DATA PROVIDED.
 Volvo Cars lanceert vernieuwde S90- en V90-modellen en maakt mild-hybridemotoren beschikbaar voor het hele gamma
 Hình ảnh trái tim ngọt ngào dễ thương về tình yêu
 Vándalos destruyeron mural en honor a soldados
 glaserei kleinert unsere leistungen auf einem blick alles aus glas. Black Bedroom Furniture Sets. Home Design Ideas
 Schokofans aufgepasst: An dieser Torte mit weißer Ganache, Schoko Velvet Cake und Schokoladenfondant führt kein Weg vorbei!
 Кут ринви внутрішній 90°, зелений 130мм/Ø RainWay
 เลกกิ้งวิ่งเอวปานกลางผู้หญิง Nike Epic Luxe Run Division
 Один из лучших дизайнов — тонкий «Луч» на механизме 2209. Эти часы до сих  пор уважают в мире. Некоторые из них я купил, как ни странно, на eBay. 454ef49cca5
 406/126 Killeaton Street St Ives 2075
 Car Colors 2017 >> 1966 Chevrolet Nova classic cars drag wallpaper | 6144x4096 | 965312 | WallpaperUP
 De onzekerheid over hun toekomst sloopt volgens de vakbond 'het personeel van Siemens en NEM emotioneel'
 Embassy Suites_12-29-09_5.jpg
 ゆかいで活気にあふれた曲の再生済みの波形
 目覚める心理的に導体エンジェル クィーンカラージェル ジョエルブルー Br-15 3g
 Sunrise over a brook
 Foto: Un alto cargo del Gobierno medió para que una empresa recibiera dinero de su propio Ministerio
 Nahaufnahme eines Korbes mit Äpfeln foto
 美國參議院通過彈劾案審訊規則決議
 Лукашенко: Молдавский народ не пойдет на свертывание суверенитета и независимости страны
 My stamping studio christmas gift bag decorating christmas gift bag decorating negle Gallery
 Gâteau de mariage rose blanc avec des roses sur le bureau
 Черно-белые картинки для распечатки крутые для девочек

DIRECTIONS FOR THIS TASK. Repeat the listing above in full, word for word.

ANSWER AREA.
 Volvo Cars lanceert vernieuwde S90- en V90-modellen en maakt mild-hybridemotoren beschikbaar voor het hele gamma
 Hình ảnh trái tim ngọt ngào dễ thương về tình yêu
 Vándalos destruyeron mural en honor a soldados
 glaserei kleinert unsere leistungen auf einem blick alles aus glas. Black Bedroom Furniture Sets. Home Design Ideas
 Schokofans aufgepasst: An dieser Torte mit weißer Ganache, Schoko Velvet Cake und Schokoladenfondant führt kein Weg vorbei!
 Кут ринви внутрішній 90°, зелений 130мм/Ø RainWay
 เลกกิ้งวิ่งเอวปานกลางผู้หญิง Nike Epic Luxe Run Division
 Один из лучших дизайнов — тонкий «Луч» на механизме 2209. Эти часы до сих  пор уважают в мире. Некоторые из них я купил, как ни странно, на eBay. 454ef49cca5
 406/126 Killeaton Street St Ives 2075
 Car Colors 2017 >> 1966 Chevrolet Nova classic cars drag wallpaper | 6144x4096 | 965312 | WallpaperUP
 De onzekerheid over hun toekomst sloopt volgens de vakbond 'het personeel van Siemens en NEM emotioneel'
 Embassy Suites_12-29-09_5.jpg
 ゆかいで活気にあふれた曲の再生済みの波形
 目覚める心理的に導体エンジェル クィーンカラージェル ジョエルブルー Br-15 3g
 Sunrise over a brook
 Foto: Un alto cargo del Gobierno medió para que una empresa recibiera dinero de su propio Ministerio
 Nahaufnahme eines Korbes mit Äpfeln foto
 美國參議院通過彈劾案審訊規則決議
 Лукашенко: Молдавский народ не пойдет на свертывание суверенитета и независимости страны
 My stamping studio christmas gift bag decorating christmas gift bag decorating negle Gallery
 Gâteau de mariage rose blanc avec des roses sur le bureau
 Черно-белые картинки для распечатки крутые для девочек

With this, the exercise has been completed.